ソニーが発表したハイエンドスマートフォン「Xperia 1 IV」。望遠側のカメラに光学ズームを搭載し、3つのカメラで高速センサーを採用したことで、AFや連写性能を向上させるなど、順当な機能向上を果たしています。
発売はまだ先の6月上旬以降ですが、今回、カメラ撮影が可能な実機が公開されましたので、撮影した画像を含めた実機のインプレッションをお届けします。ただし、現時点で試用できたのは評価機のため、発売時の画質とは異なる可能性があります。ご承知おきください。
Xperia 1 IVは、35mm判換算時16mm、24mm、85-125mmという3つのカメラを搭載したスマートフォンです。前モデルに比べて望遠カメラが70/105mmの切り替え式から光学ズームに変更されました。
85mmといえばポートレートでもよく使われる焦点距離で、それを狙って開発したといいます。開放F値はF2.3~F2.8で、Xperia 1 IIIと同等。ズームレンズとして考えれば比較的明るめでしょう。
ズームレンジは1.4倍程度なので、Xperia 1 IIIの焦点切り替え式で途中をデジタルズームにした場合と比べても、それほど急激な画質の向上は考えにくいところ。ソニーによれば、光学ズームによって特に動画での画質向上が見込めると話しています。
実際に撮影してみると、センサーサイズの大きいメインカメラの画質は従来通り満足できそうなレベル。レンズの実焦点距離も変わらないので、画質は従来と同等でしょう。
望遠カメラは、レンズの実焦点距離を見る限り、Xperia 1 IIIの105mm側と、本機の望遠端の125mmが、同じ14.5mmとなっています。Xperia 1 IVの望遠カメラのセンサーは小型化しているため、実焦点距離が同じでも35mm判換算焦点距離は伸びるため、このような形になったのでしょう。ソニー側によれば、高速センサーのスペックと求める焦点距離を考えてこうした形になったそうです。
画質に関しては、まだ評価版なので厳密にはコメントしませんが、静止画ではあまり大きな差はないように感じます。ただ、特に16、24、85mmという焦点距離は、見慣れているせいか従来よりも扱いやすく感じます。
実際に動画の画質が向上しているのであれば、16~375mmまでのシームレスズームもあってより利便性が高そうです。動画のシームレスズームは、レンズ切り替え時のカクツキが大きめ。これは、レンズが縦に並ぶXperia 1 IVの構造上、完全に補正するのは難しいとのことです。その辺りは、iPhoneのような構造の方が補正はしやすいそうです。

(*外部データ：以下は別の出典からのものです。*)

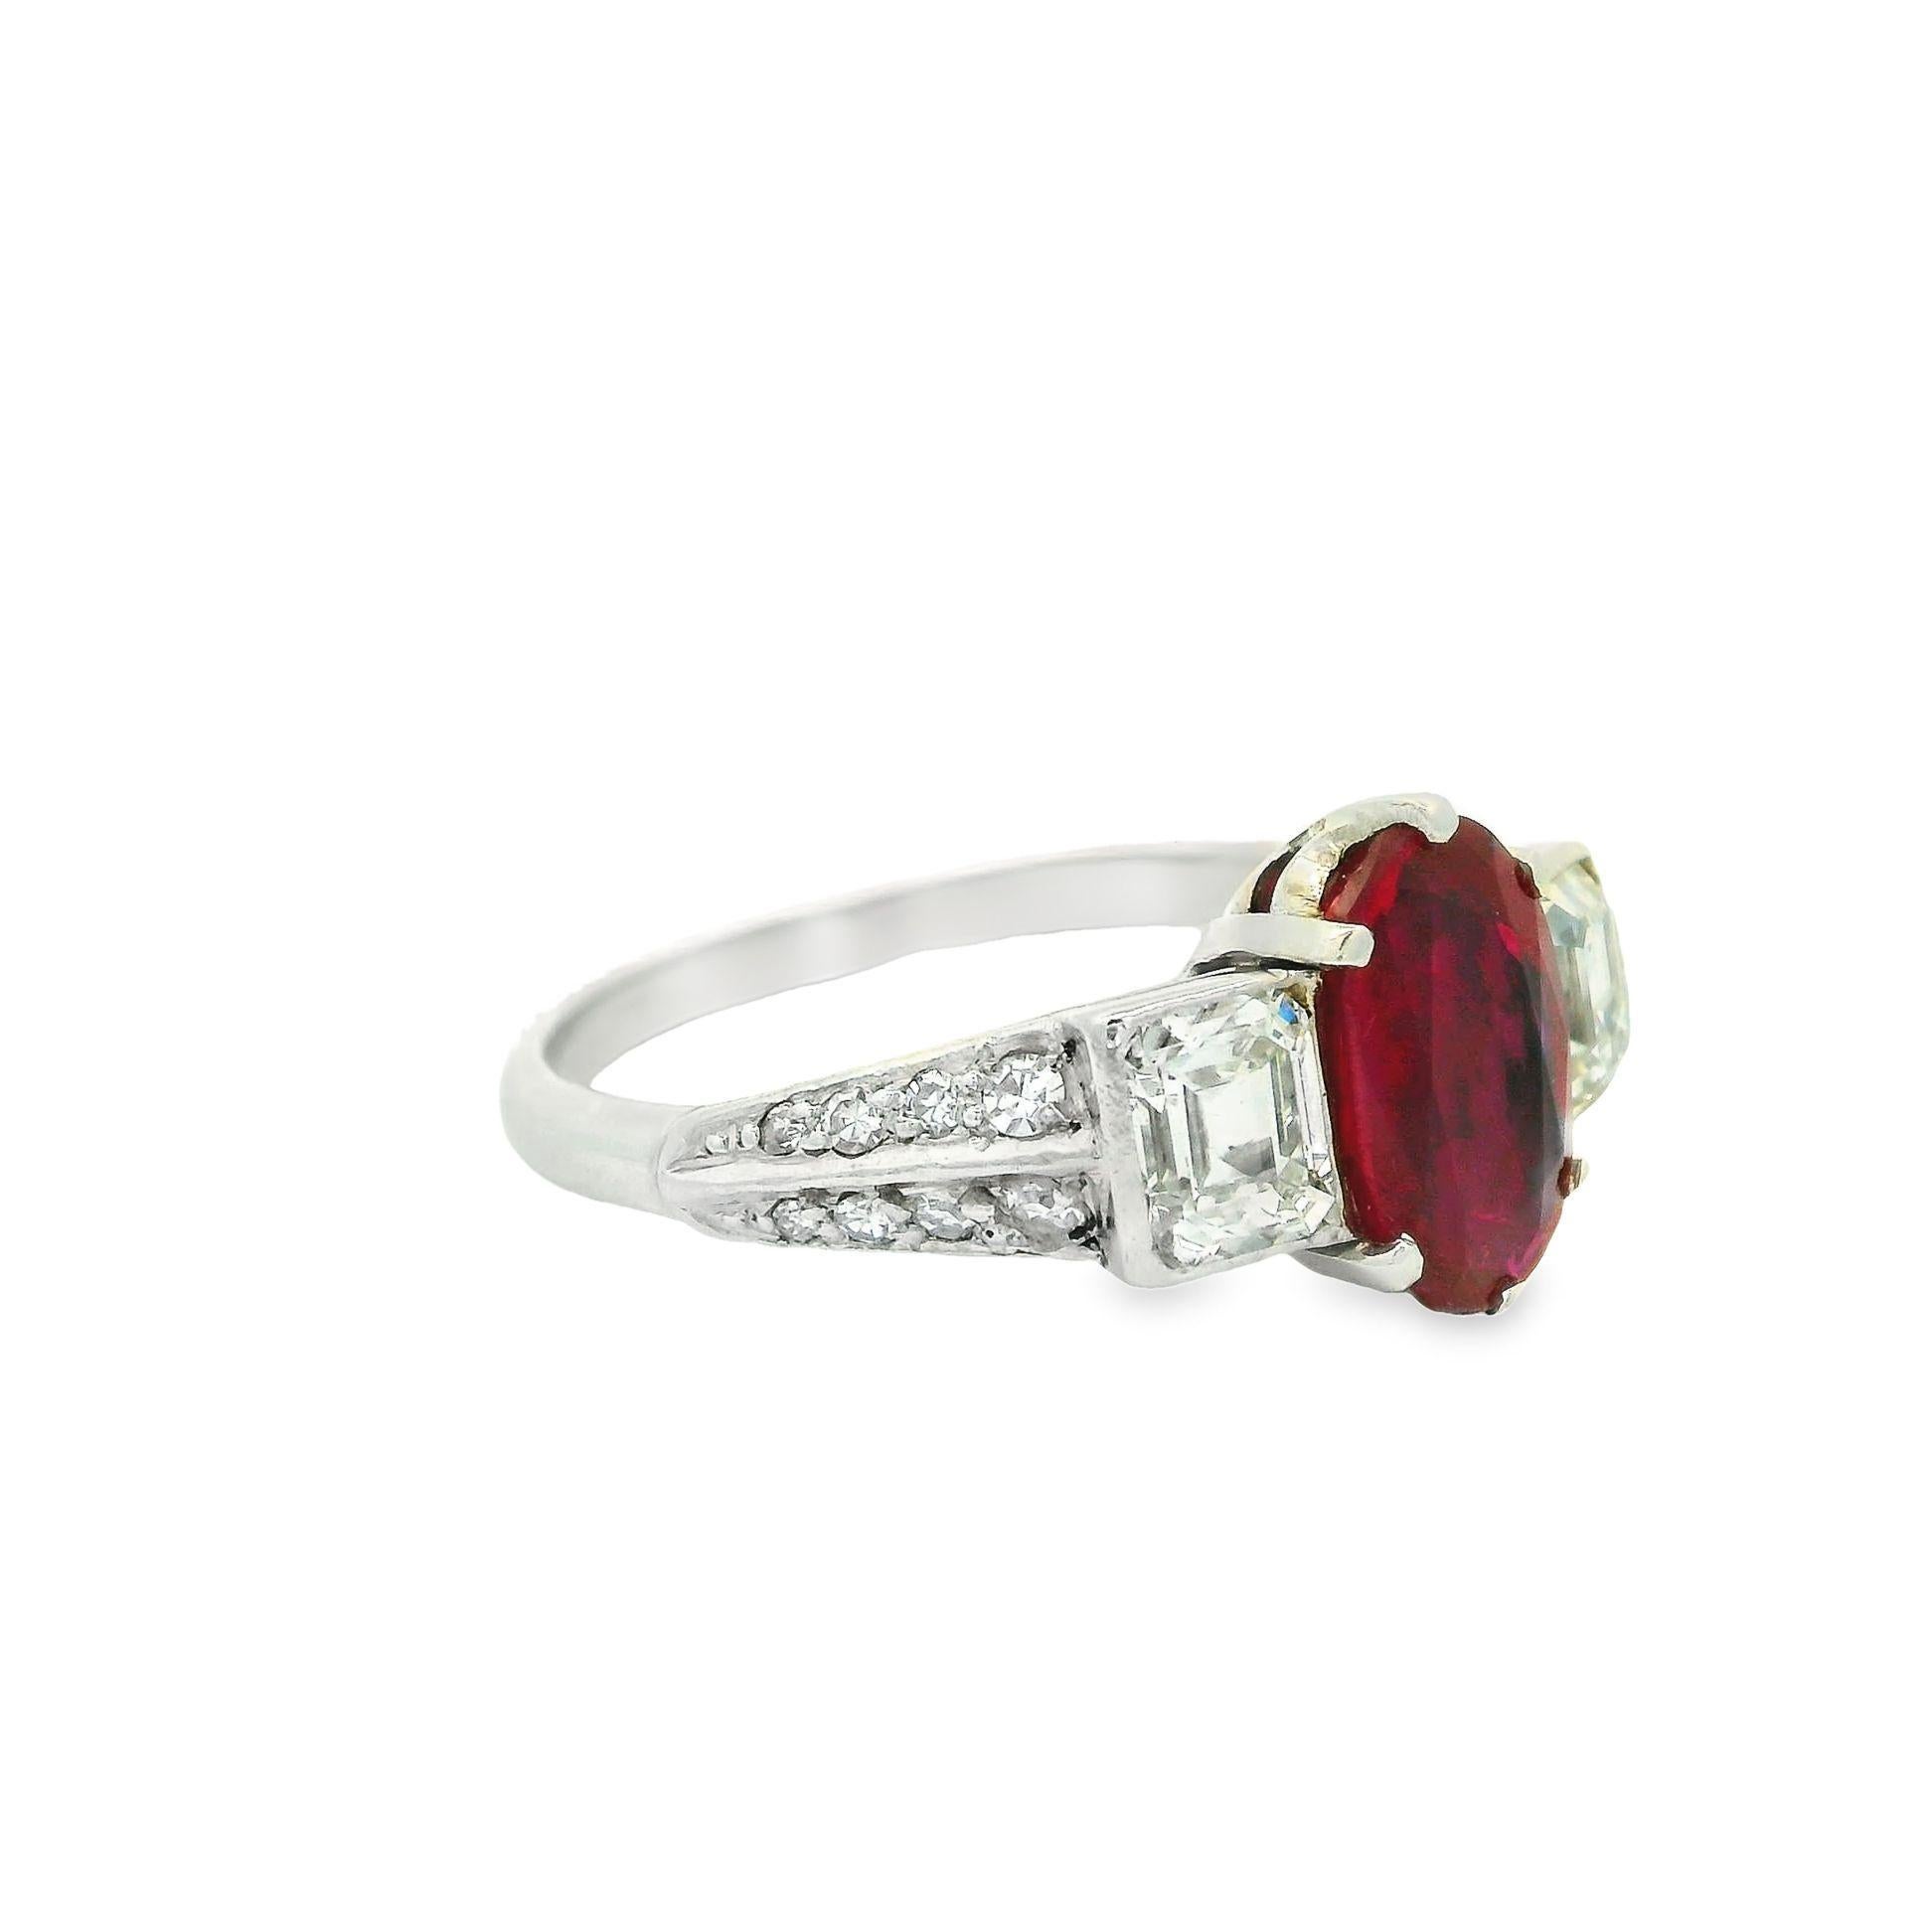 A beautiful treasure from the 1920’s! This lovely antique platinum ring features rare Burmese ruby with no treatment of any kind. It has a rich intense pure red color and weighs approximately 1.50 carats. It is certified by the GIA as a Burmese

レンズ切り替えによって色味の変化がありますが、その影響を最小限にするようにハードウェアレベルで工夫していると言います。いずれにしてもズーミングに伴うカクツキはありますが、1回の撮影で超広角から望遠まで撮影できるという点はメリットでしょう。
新しいアプリ「Videography Pro」も魅力。Xperia 1 IIIまでは、カメラアプリ「Photography Pro」アプリのベーシックモードで動画撮影ができましたが、Photo Proのカメラ機能に比べて単純な撮影しかできませんでした。逆に、動画専用アプリの「Cinematography Pro」は、プロ向けすぎて、一般用途には過剰。
そこで搭載されたVideography Proアプリは、Photography Proのようなちょっと凝った撮影が出くる動画アプリとして重宝しそうです。Photography Proでも、動画を撮影したいときはベーシックモードに切り替えて動画モードに切り替えるという二度手間があるので、アプリを起動しなおすPhotography ProとVideography Proの使い分けとどちらが面倒かと言われると微妙な印象でした。
現時点で画質評価はできませんが、望遠レンズの刷新とセンサーの高速化は特徴的な機能で、特に動画を重視したい人には、新アプリVideo Proを含めて、利便性の高い製品になりそうだと感じました。